[svat]

Whether or not that's true, you can remove "beginning" from my statement as it's not necessary (done, just edited, thanks): most programmers, most of the time, don't need the speed of floating-point everywhere (compared to fixed-point/scaled integers, or rationals, or interval arithmetic, or whatever), and when they do, the language could let them easily opt into it with a declaration like "use float" or whatever.

[codebje]

Every option here has tradeoffs and drawbacks: fixed point arithmetic suffers from a very limited precision range, rationals aren't even the same number set, cauchy sequences are precise but comparatively very slow… there's no one size fits all solution that's right in every circumstance.

Except, of course, at lower levels of abstraction - where IEEE floats are what the hardware implements. Lower level languages use 8-, 16-, 32-bit integers, they use IEEE floats and doubles, and they make these choices for pretty solid reasons.
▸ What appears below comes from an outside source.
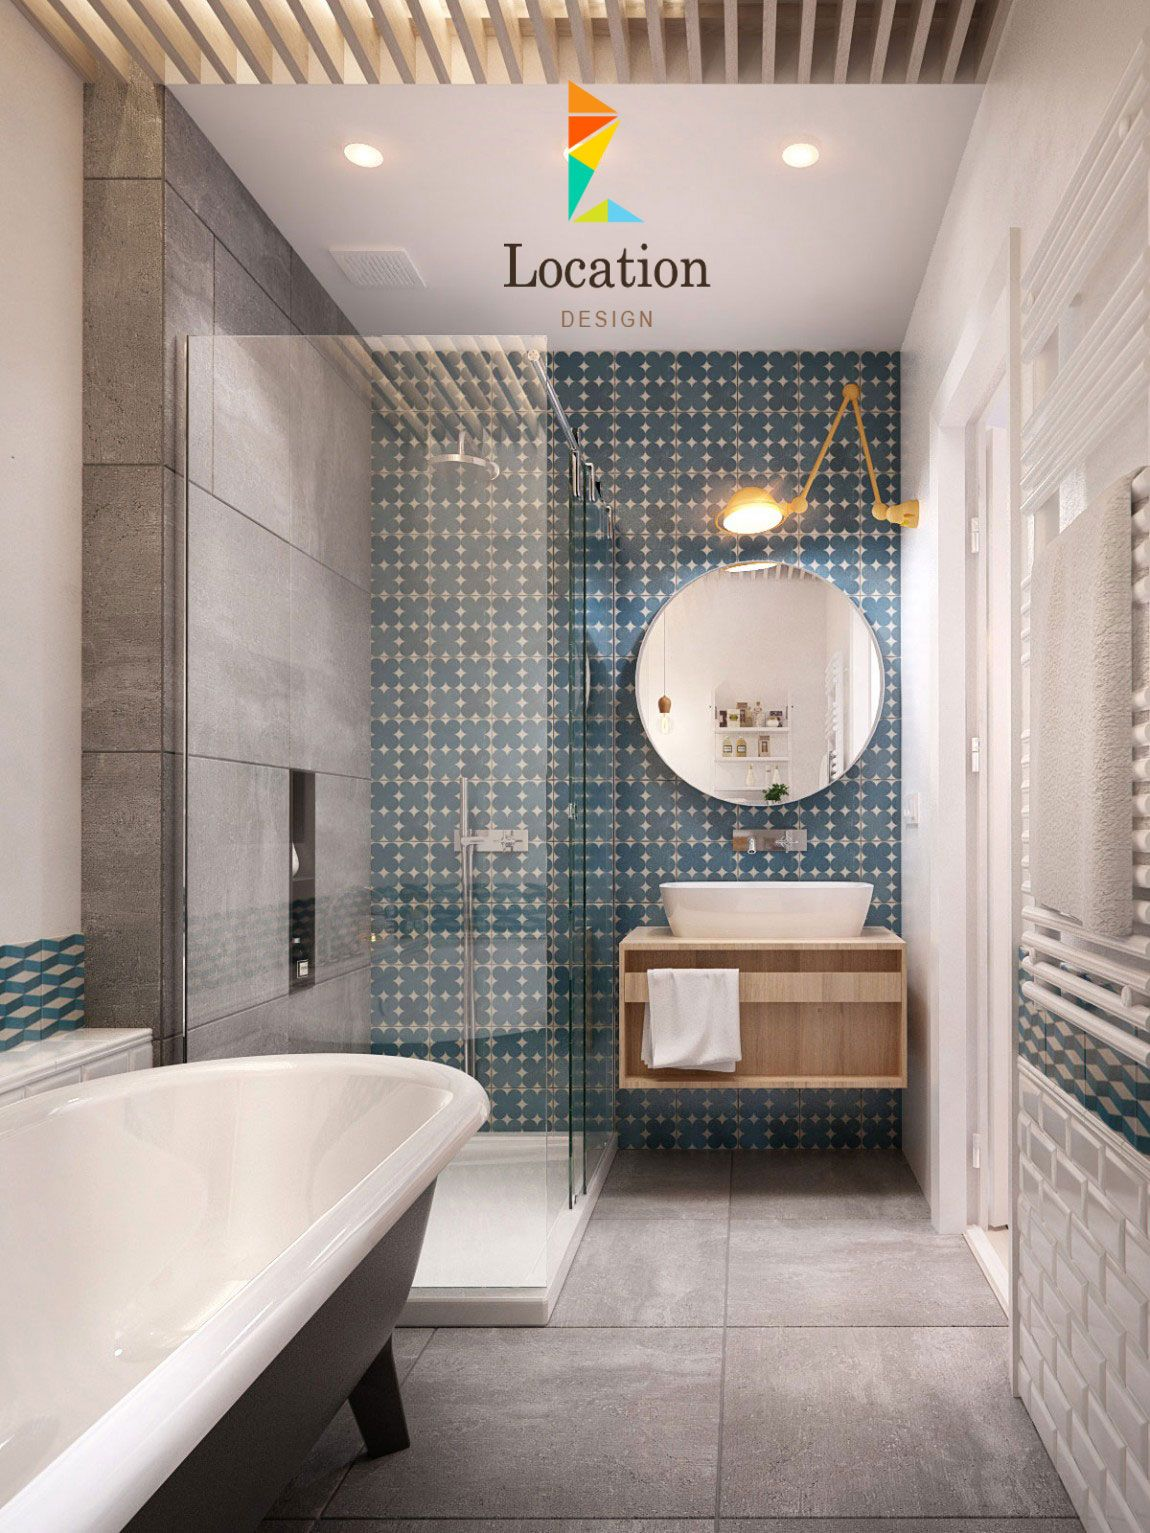 أحدث ديكورات حمامات مودرن 2018 2019 لوكشين ديزين نت Bathroom Interior Bathroom Inspiration Bathroom Design

Higher level languages make different choices (arbitrary precision integers are common in interpreted languages, eg). Libraries support all kinds of options up and down the stack.

[franga2000]

Of course, but low-level languages call their floats...floats. Certain higher-level languages often call them numbers or decimals, which is why this confusion happens in the first place. It's like if a language had uint8 but called it Integer - yes, there are many uses for uint8, but there are also many cades where it's the wrong thing to use and it shouldn't be possible to use it accidentally.

[ketzu]

> rationals aren't even the same number set

In what way are rationals not the same number set? In the strictest sense basically none of the proposed versions have the same number set, but in a broad sense, they all represent a useful subset of rationals, right?

[codebje]

In a broad sense, sure.

[ketzu]

Could you elaborate what your intended meaning was? It felt to me like you were singeling out 'rationals' as not being the same number set. Maybe we also think of something different when talking about 'rationals'?

Maybe I also missed something obvious, so I'd like to satisfy my curiosity!

[codebje]

I meant that rationals are a subset of the reals, and while floats are also a subset of exact reals a "typical" fixed bitwidth implementation will have a significantly greater range in floats than rationals.

I don't know that it's necessarily as significant a difference as I'd first considered it to be, though.

[lozenge]

You can't do trigonometry on the rationals, which would prevent any games, graphics software, audio mixing software etc from using the rationals.

[ketzu]

I mean, you can, but you shouldn't. I don't think anyone is arguing that any representation is suitable for all usecases or that ieee754 should not be available in programming languages.

Also, I think I'm too tired by now, I get confused too much between the rationals as the rational numbers \mathbb{Q} and the rationals as an implementation of rational numbers using a quotient of two integers.